IMG_1136When The Music Man showed up in movie theaters years ago, I was young enough that I didn’t fully understand the plot but I remember how the idea of a whole town being duped by a huckster gave me the creeps. That image was very much in my mind when my good friend Tootie and I headed to High Point to view a Donald Trump rally during the presidential campaign. We were in good spirits, expecting to have fun, more curious than anything else that so many people were showing up at Trump rallies, and wondering how anyone could be taken in by a reality tv star posing as a presidential candidate and talking like a snake oil salesman.

As it turned out, we weren’t able to get into the rally, which was held at a gated school, High Point University, an institution that has walled itself off from the community it occupies. Tootie and I drove through the working class neighborhoods that surround HPU, looking for a way in that we never found. The whole experience, the combination of the hate-filled messages on paraphernalia being sold to Trump supporters (“Lock Her Up” “Trump the Bitch”), and the depressing contrast between the country club-like university and the neighborhoods from which it was shut off, all of it left us feeling a little down.

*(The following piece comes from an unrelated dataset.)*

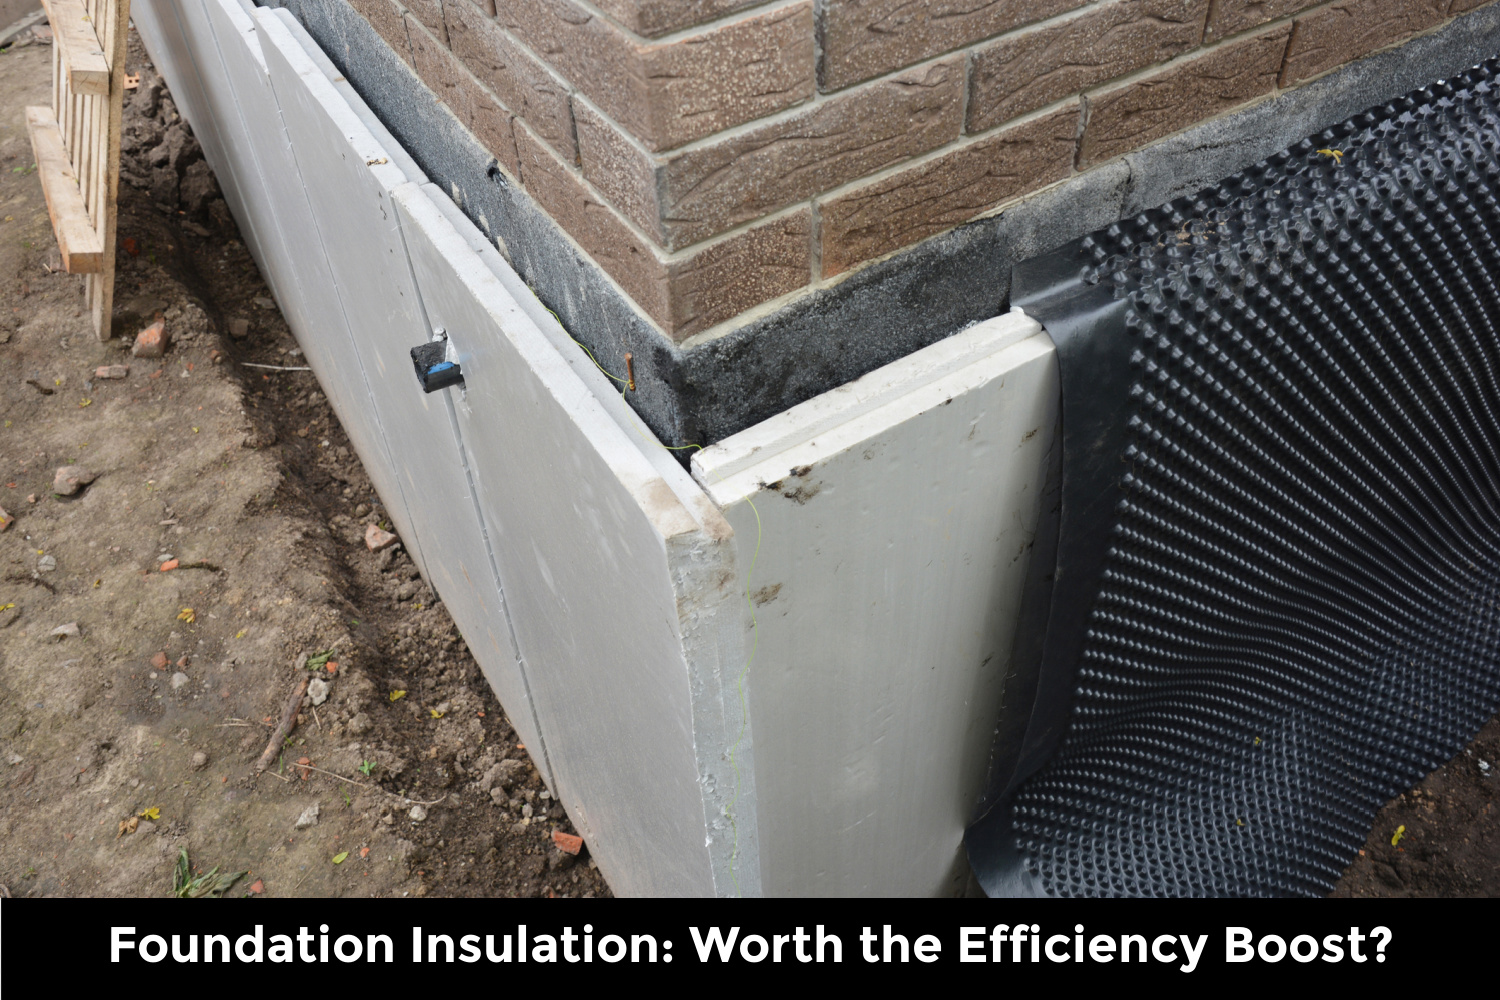 Foundation Insulation: Worth the Efficiency Boost?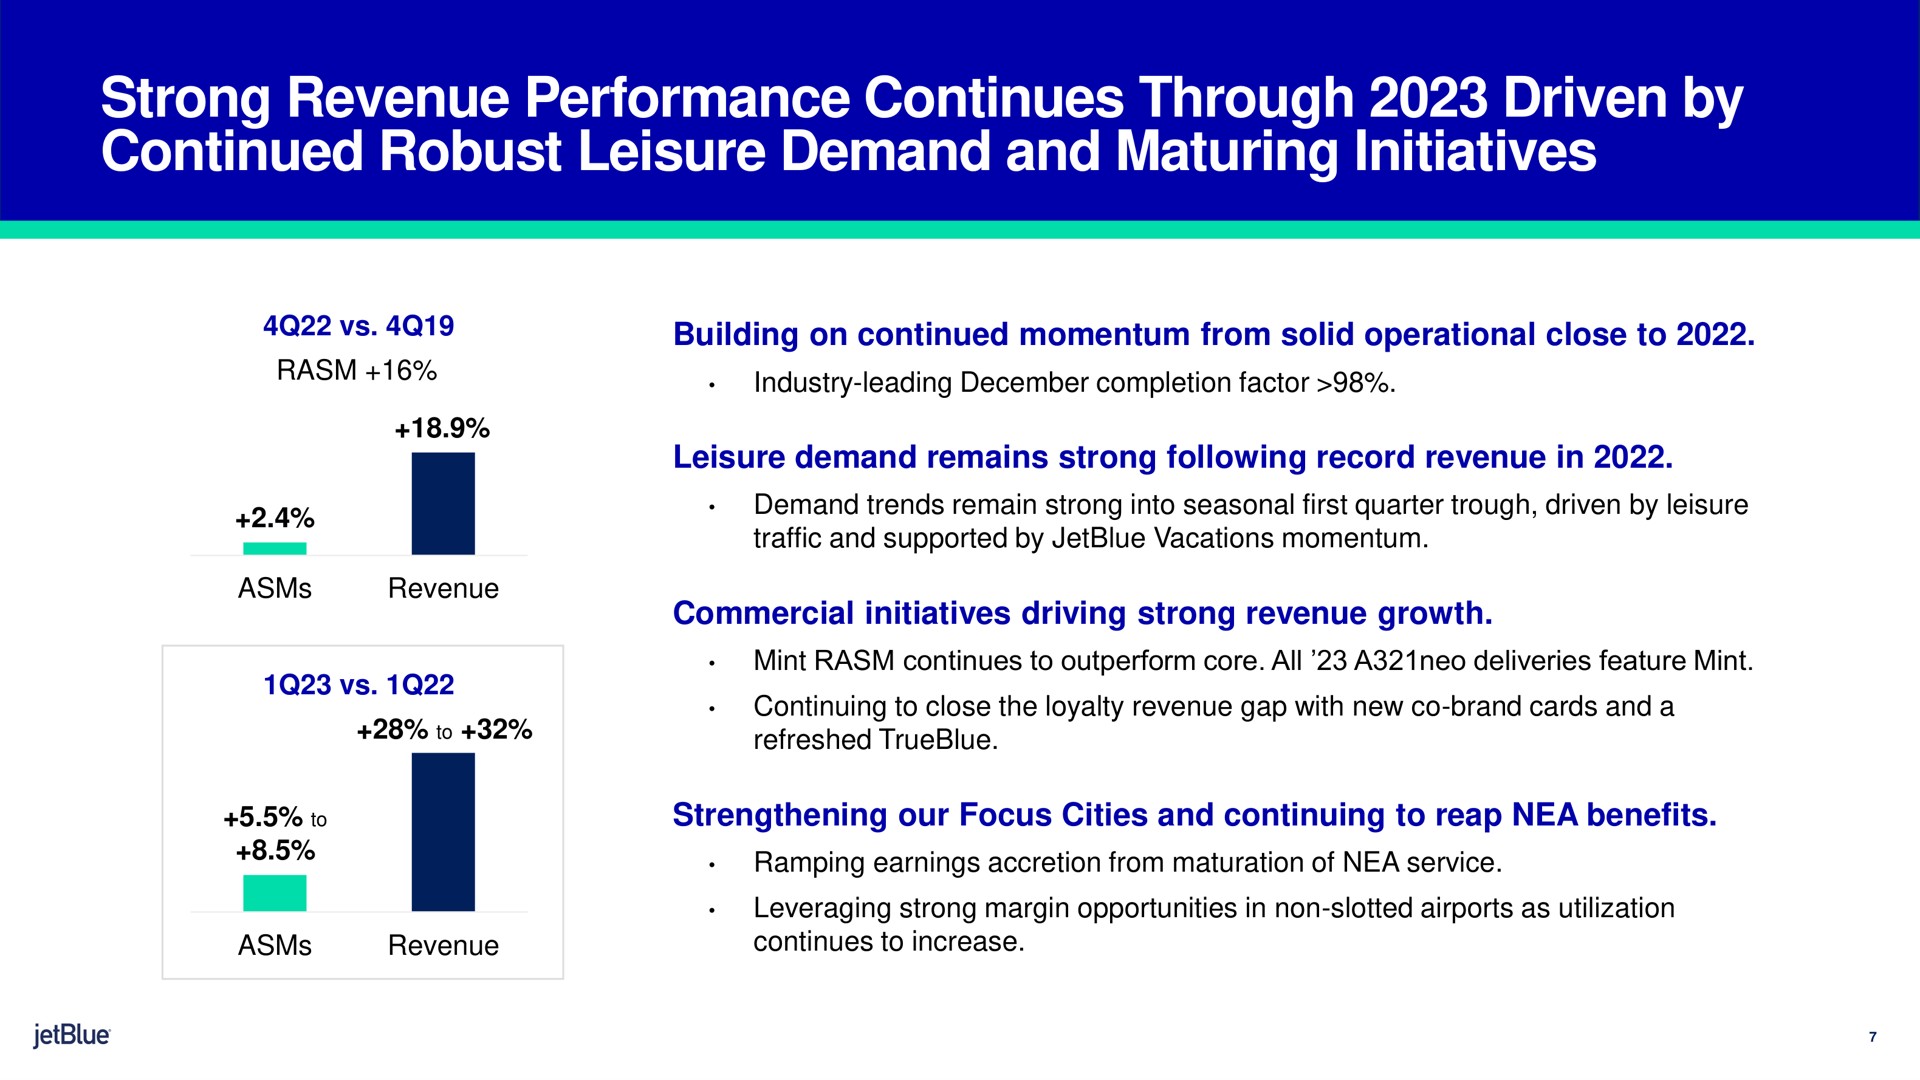 strong revenue performance continues through driven by continued robust leisure demand and maturing initiatives building on continued momentum from solid operational close to leisure demand remains strong following record revenue in commercial initiatives driving strong revenue growth strengthening our focus cities and continuing to reap nea benefits | jetBlue

Then, backing up to the impenetrable walls of the school, we found a dead-end street whose residents had apparently taken it upon themselves to brighten their curb with decorations and a quote they attributed to Maya Angelou, the poet who lived for many years in nearby Winston-Salem.  “When you know better, you do better.”

It was a small thing and it was a big thing, finding a glimpse of beauty so unexpectedly in an unlikely spot. After the election just a few weeks after our trip, I find myself going back to that image and holding onto to the hope that, in spite of it all, we will do better.